Fair Work Act 2009 (Cth), ss.44(1), 45, 87, 96, 535(1), 536(1), 539(2), 546(2) 550(1), 550(2), 557(1), 557(2), 557C

Fair Work Amendment (Protecting Vulnerable Workers) Act 2017
Fair Work Regulations 2009, regs.3.32, 3.33, 3.34, 3.36, 3.37

Cases cited:

Fair Work Ombudsman v Hasegawa and Ye International Pty Ltd [2019] FCCA 1424
Fair Work Ombudsman v Taj Palace Tandoori Indian Restaurant Pty Ltd [2012] FMCA 258

Applicant: FAIR WORK OMBUDSMAN
First Respondent: A & K PROPERTY SERVICES PTY LTD
Second Respondent: YONG SIN KIM
Third Respondent: HYUN JUN KANG
Fourth Respondent: JUNGPYO LEE
File Number: BRG 68 of 2019
Judgment of: Judge Jarrett
Hearing date: 16 August 2019
Date of Last Submission: 16 August 2019
Delivered at: Brisbane
Delivered on: 16 August 2019

REPRESENTATION

Solicitors for the Applicant: Office of the Fair Work Ombudsman
Solicitors for the Respondents: C & C Legal

ORDERS

BY CONSENT THE COURT DECLARES THAT:

  1. The First Respondent contravened the following civil remedy provisions of the Fair Work Act 2009:

    (a)s.535(1), by failing to make and keep employee records in respect of Sangyeop Lee, Jiyeon Lee, Wonhyong Jang, Gyeongbae Jeong, Jieun Yoo, Jongseung Park, Ahreum Kim, Eunyoung Ko and Jueun Jeong as prescribed by regulations 3.32, 3.33, 3.34, 3.36 and 3.37 of the Fair Work Regulations 2009;

    (b)s.536(1), by failing to provide pay slips to the employees within one working day of paying an amount to them in relation to the performance of work;

    (c)s.45, by failing to pay Jiyeon Lee, Wonhyong Jang, Gyeongbae Jeong, Jieun Yoo, Jongseung Park, Ahreum Kim, Eunyoung Ko and Jueun Jeong the minimum rate of pay prescribed by clause 17 of the Fast Food Industry Award 2010;

    (d)s.45, by failing to pay Jongseung Park, Ahreum Kim, Sangyeop Lee, Jiyeon Lee, Wonhyong Jang and Gyeongbae Jeong the additional loading for working hours on Saturdays as prescribed by clause 25.5(b)(i) of the Fast Food Industry Award 2010;

    (e)s.45, by failing to pay Jongseung Park, Sangyeop Lee and Wonhyong Jang the additional loading for working hours on Sundays as prescribed by clause 25.5(c)(i) of the Fast Food Industry Award 2010;

    (f)s.45, by failing to pay Ahreum Kim, Eunyoung Ko, Juen Jeong, Gyeongbae Jeong and Jieun Yoo the required rates for overtime worked as prescribed by clause 26.1(a) of the Fast Food Industry Award 2010;

    (g)s.45, by failing to pay Sangyeop Lee annual leave loading as prescribed by clause 28.3(a) of the Fast Food Industry Award 2010;

    (h)s.45, by failing to make superannuation contributions for the benefit of the Employees such as would avoid the payment of the superannuation guarantee charge as prescribed by clause 21.2 of the Fast Food Industry Award 2010;

    (i)s.45, by failing to enter into written part-time agreements with Sangyoeop Lee, Jiyeon Lee, Wonhyong Jang and Jongseung Park as prescribed by clause 12.2 of the Fast Food Industry Award 2010;

    (j)s.44(1), by failing to accrue annual leave to the employees as required by s.87 of the Fair Work Act 2009; and

    (k)s.44(1), by failing to accrue personal/carers leave to the employees as required by s.96 of the Fair Work Act 2009.

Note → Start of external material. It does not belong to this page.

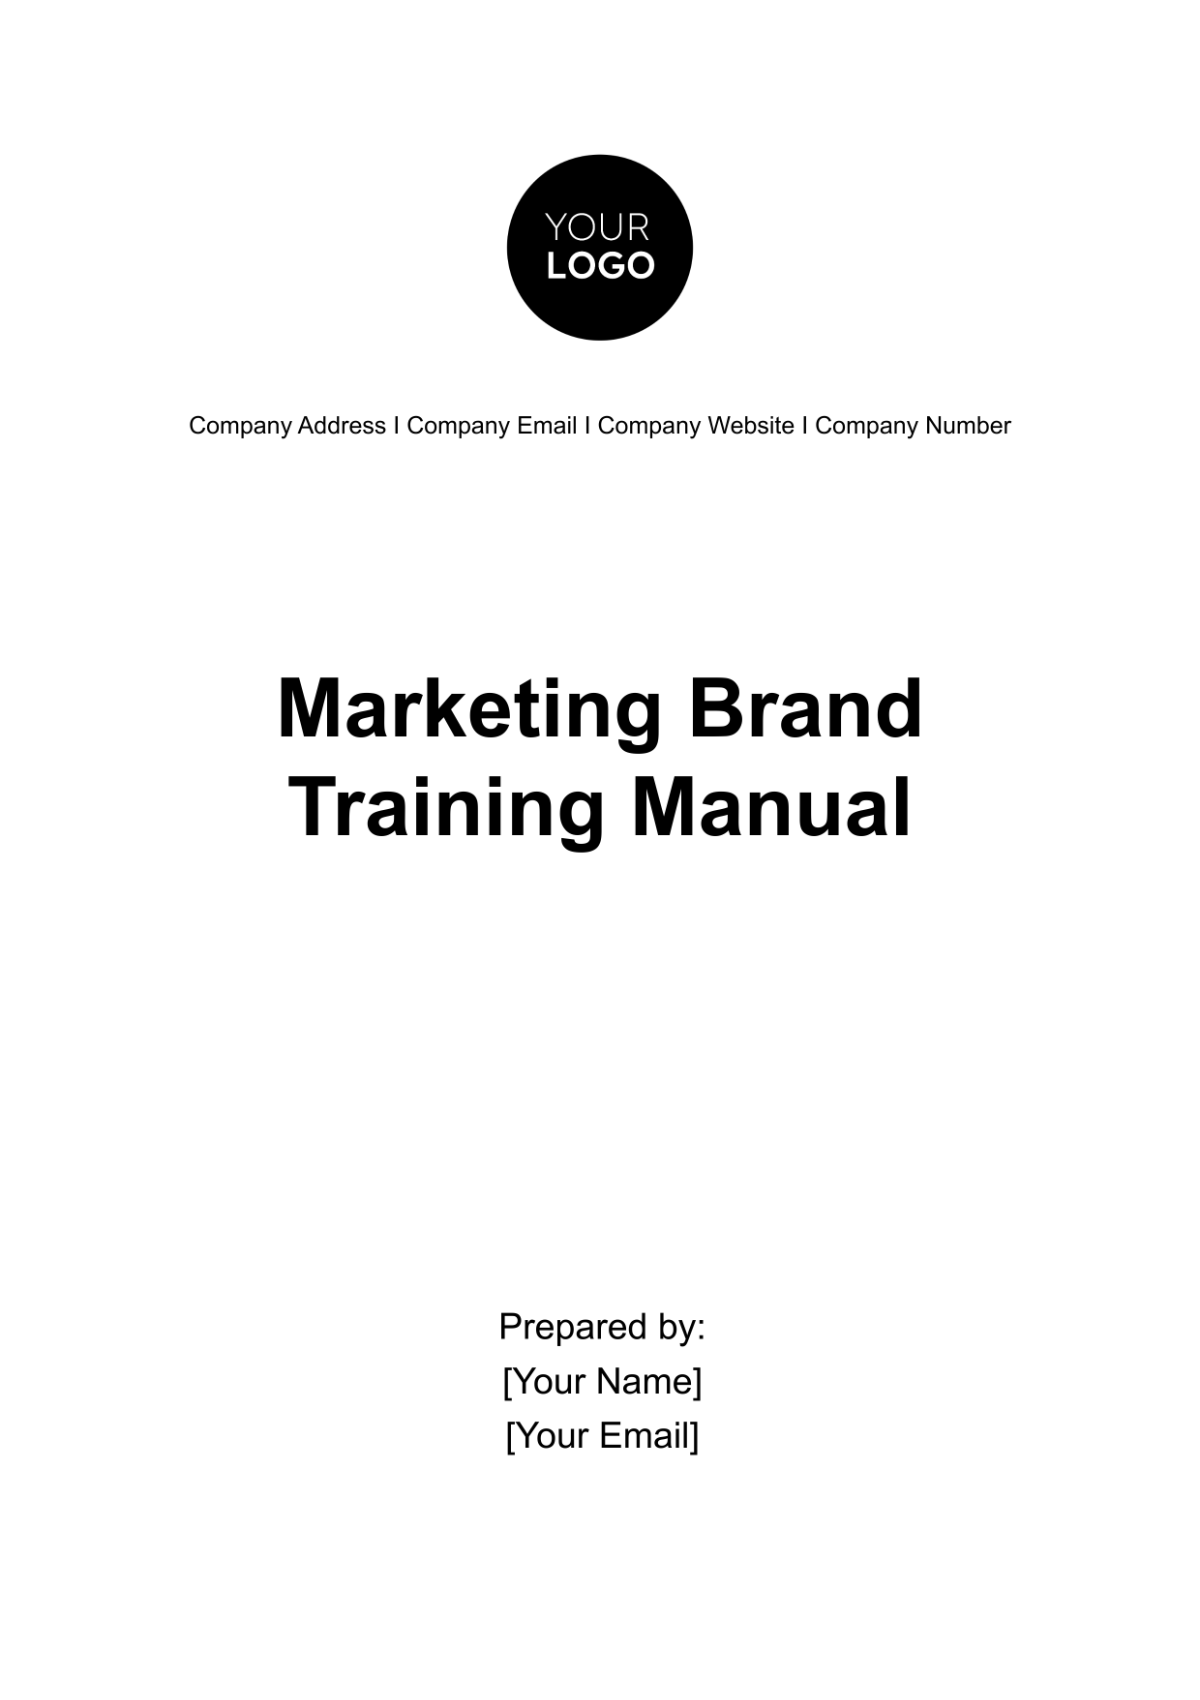 Marketing Brand Training Manual Template

  2. The Second Respondent was involved, within the meaning of s.550(1) of the Fair Work Act 2009, in contraventions 1(a), 1(b), 1(j) and 1(k) above.

  3. The Third Respondent was involved, within the meaning of s.550(1) of the Fair Work Act 2009 , in contraventions 1(j) and 1(k) above with respect to Jongseung Park, Ahreum Kim, Eunyoung Ko and Jueun Jeong.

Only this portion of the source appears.